An Unwanted Friend

(A short story by Sidharth Vardhan
First published on November 23, 2014)

There is this man who seems to have taken the notion in his mind that I’m his friend … which I’m not. To be honest, I’m scared of him, don’t like him, wish to run away at the mere sight of him. Still, he manages to find me – and starts telling me about his sufferings; he doesn’t seem to be able to talk about anything else. I found myself incapable of consoling him, though I do really feel sorry for him whenever he is around – I’m thus left sad without helping him an ounce. Sometimes, his listlessness is contiguous; it makes me go without food for days. I guess you will understand when I say I feel frustrated with all this.


And he is always finding me only when I am alone. Not always, of course, I still find my moments of blissful solitude, which, as you know, I treasure above all else, though those moments are becoming increasingly rare. Still, I’m always scared of him finding me and so continuously seeking company. I find his pity – whether it is self-pity or pity on me disgusting.
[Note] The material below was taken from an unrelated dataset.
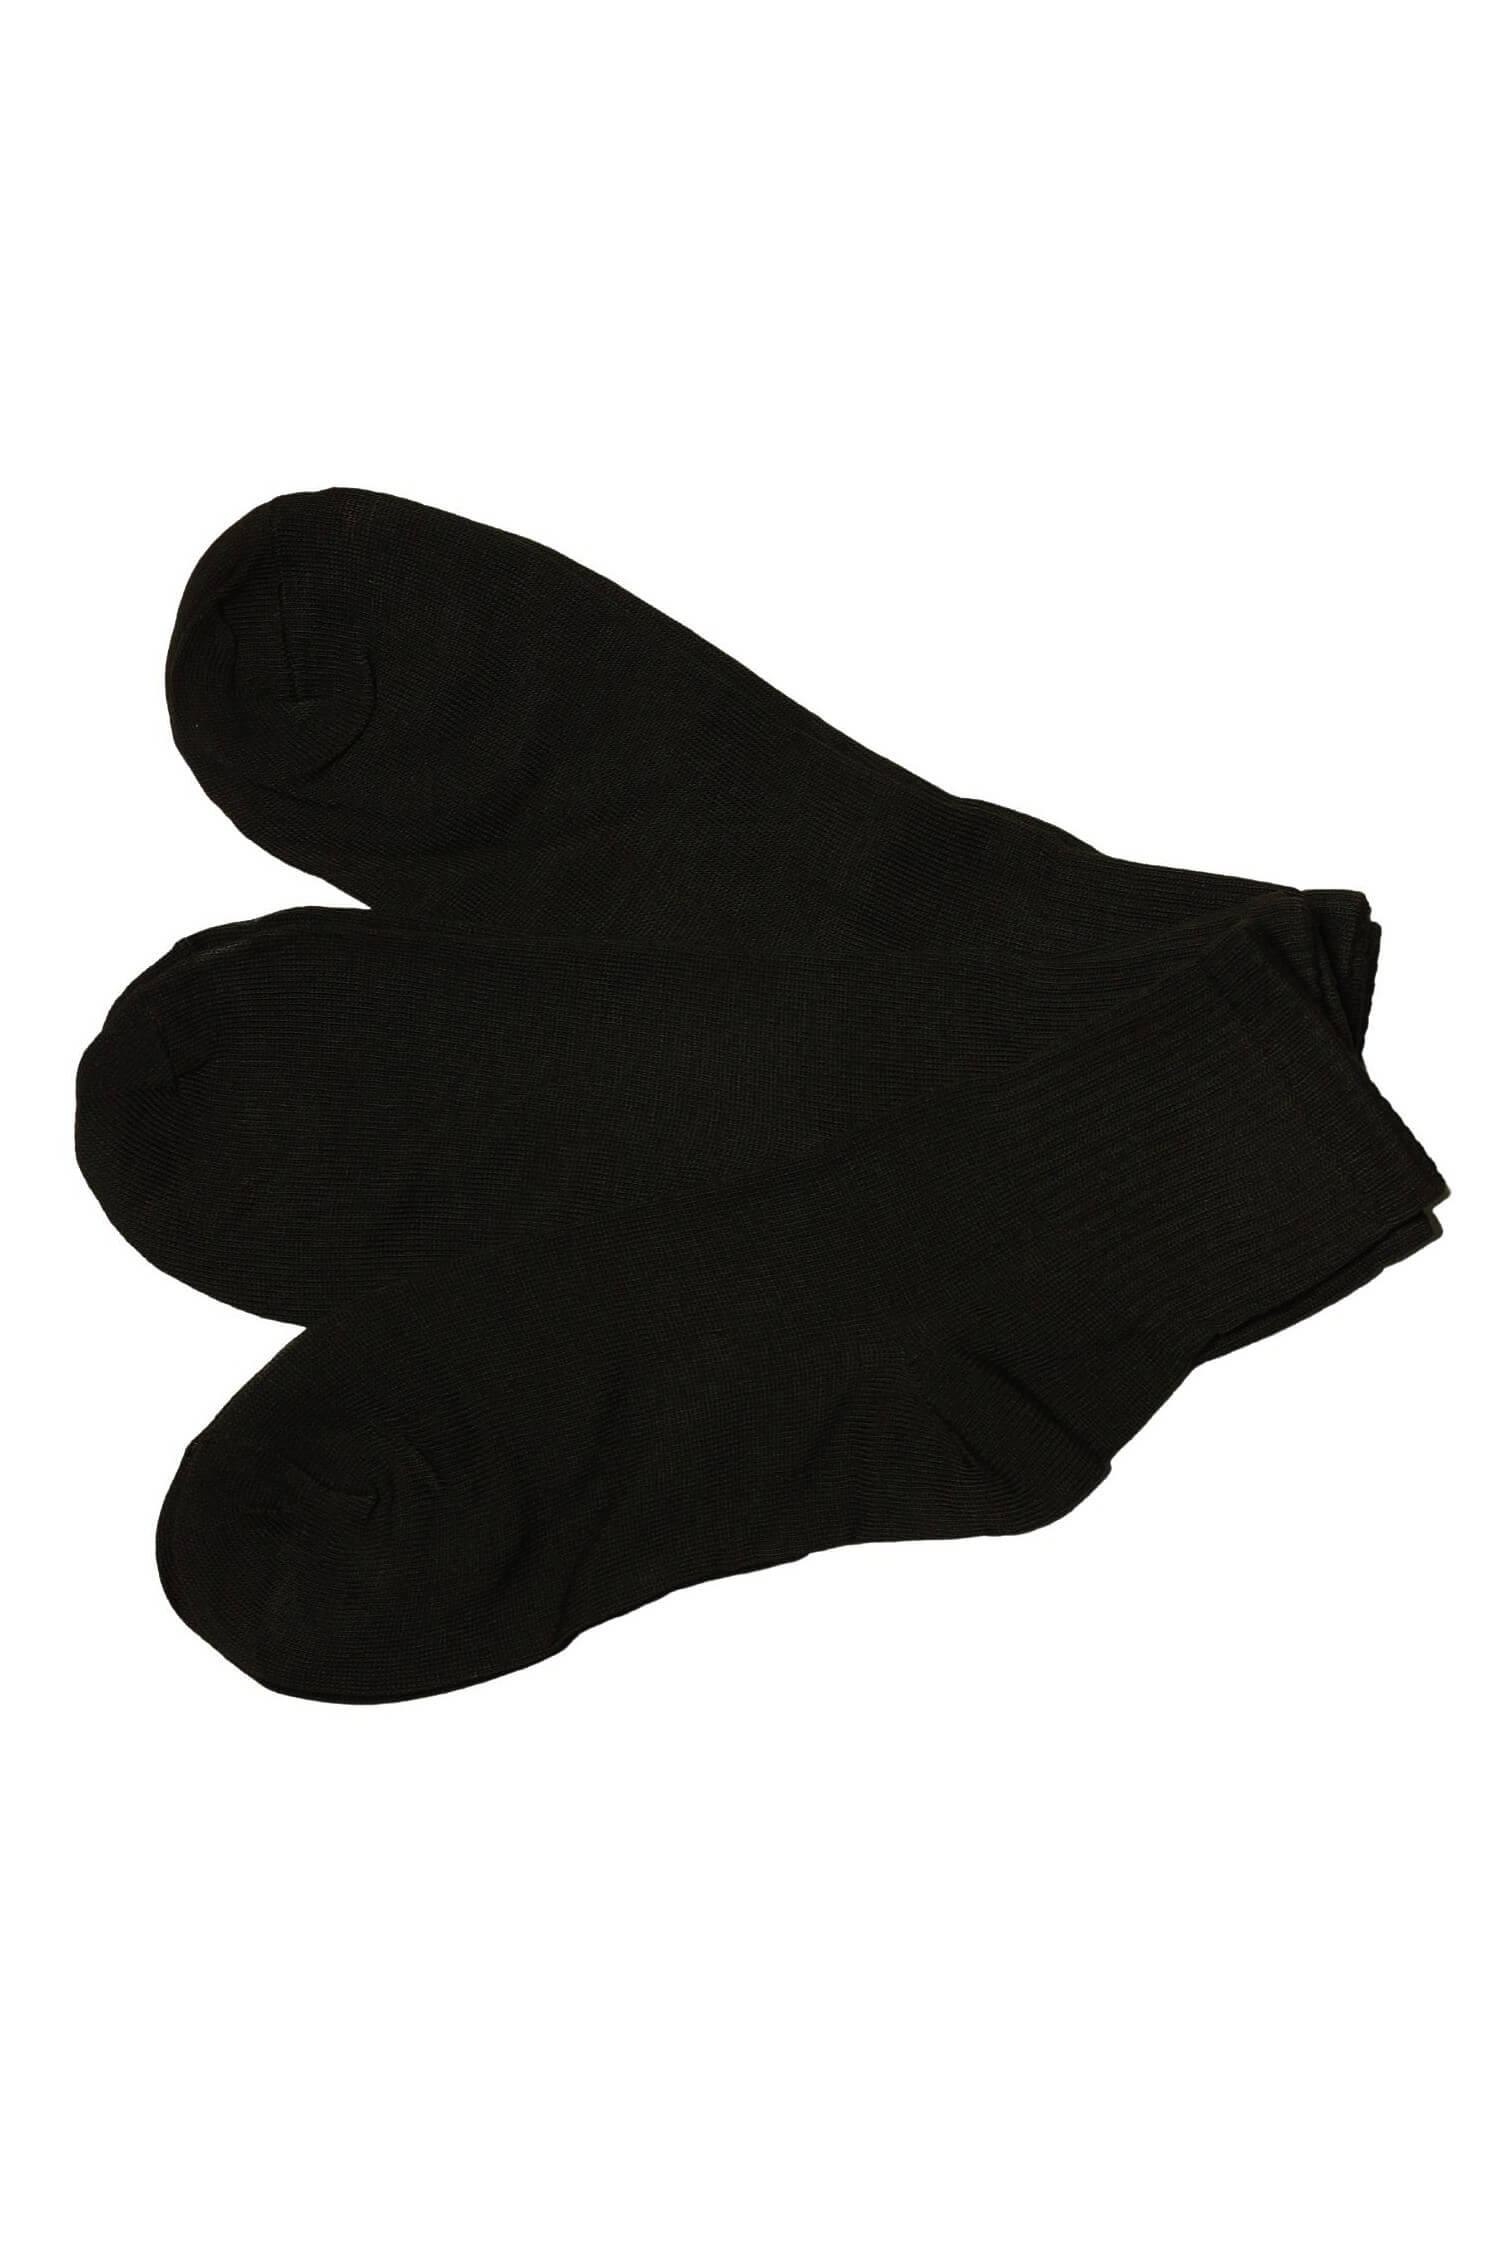 Dámské ponožky bavlněné ZW-401C - 3 páry 35-38 černá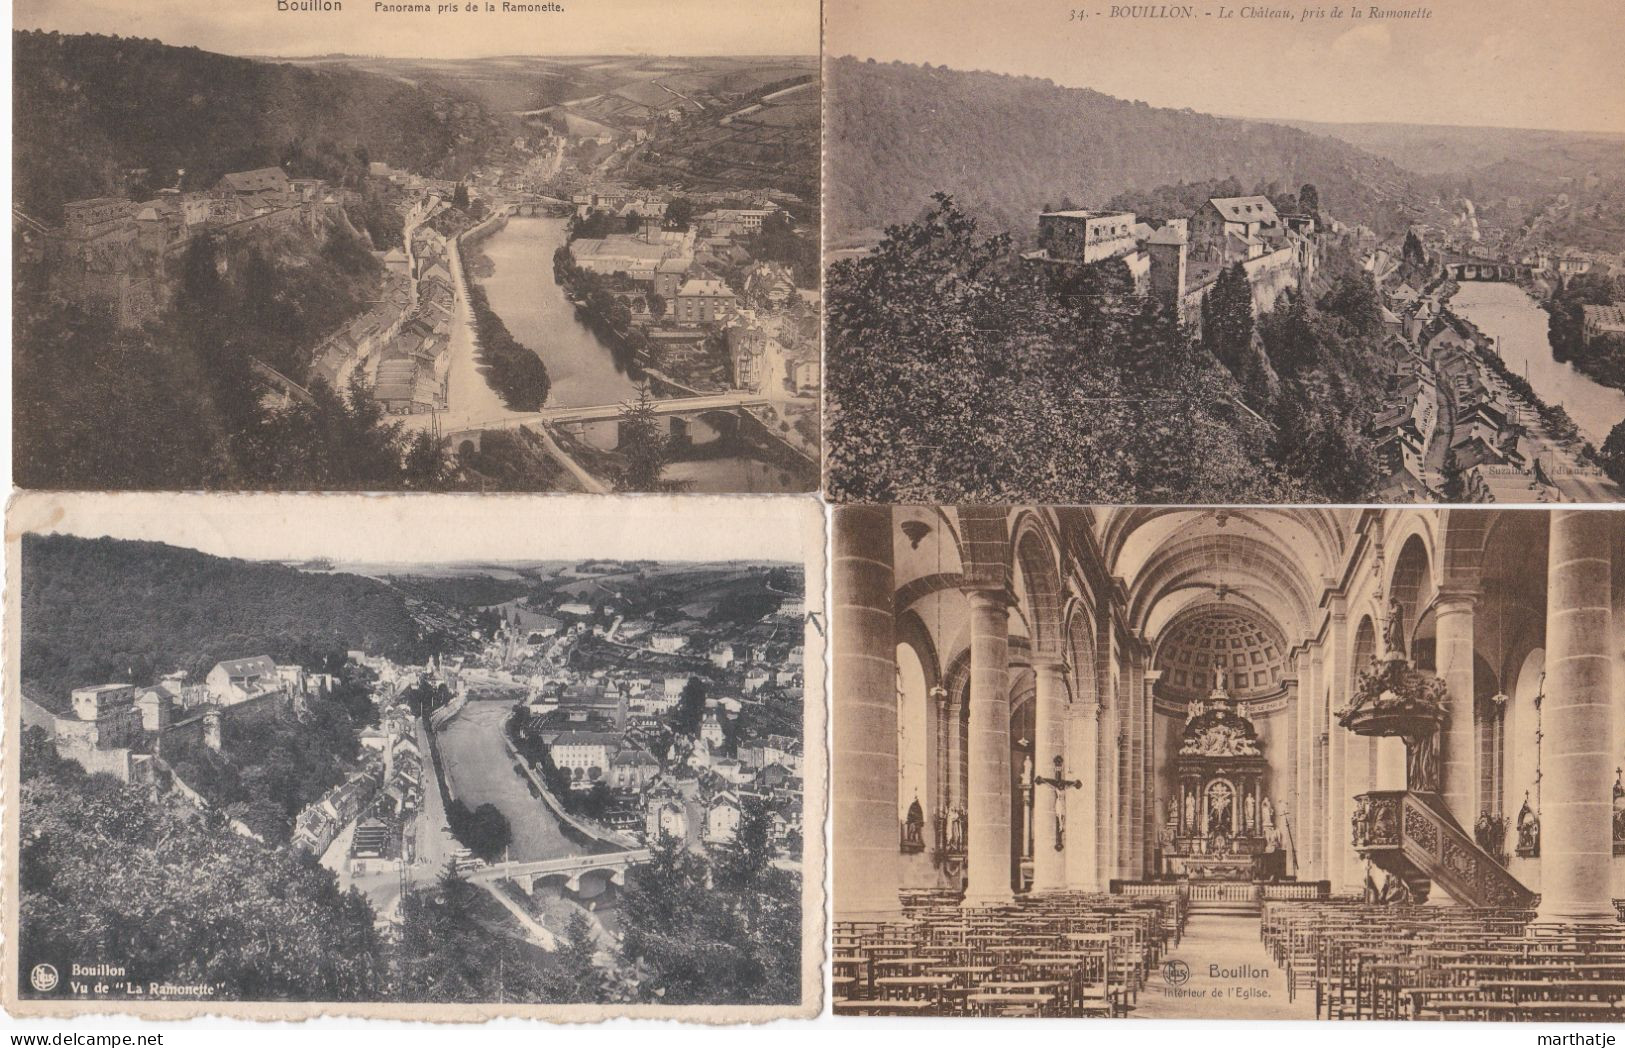 39 Cartes Postales De Bouillon - Province Luxemburg - Belgique - Collections & Lots

At times, out of compassion that I still sometimes feel for him, I’ve talked of his sufferings with my friends … and although they listen carefully and, at least some of them must be as genuinely sorry for him as they all affect to be – the thing remains same, perhaps it is a failure on my part to explain to them his pains. Still, no one ever really understands him, except for me, and I can’t help him, and he himself is too shy to come out.

Over the last few months, he has become dangerously more efficient in finding me when alone. Of late, sometimes I can feel him arrive when in the company of others, but I won’t have others meet him, having seen that they won’t understand his sorrow. So I run to meet him someplace in solitude – so, now it seems, being in a company is putting me more at a disadvantage than solitude; I think I am actually starting to prefer solitude again.


Quite a few times, I’ve abused him in frustration, calling him to be of no good, stupid, etc., telling him I don’t want him around, but to no use. He would listen to me with his gaze fallen but won’t leave till he wished to – even when, well, it has happened a few times now, I’ve added physical injuries to verbal ones. And while he is stubborn in his habits, whatever I’ve done to scare him away has only added to my own regrets – only making me feel sorrier for him.


And so I’m never alone without being afraid of him showing up of nowhere –even in a closed room, or in the company without having fears that I might have to take leave of my friends suddenly for the reasons they won’t understand. There are times when I can hear him arriving, scaring me of fate that I can’t save myself from. I sit there, my eyes closed, clueless about what to do – for all schemes that I could have thought of have failed against him. ‘I don’t want him around, I don’t want him around I don’t..’ I say, looking at him in my image in the mirror on room wall – and yet, knowing my wishing so won’t change anything.

Only rarely, my pet dog would come and put her head in my lap, asking me through her big gray eyes to play with her and thus saving me from my melancholy friend’s company.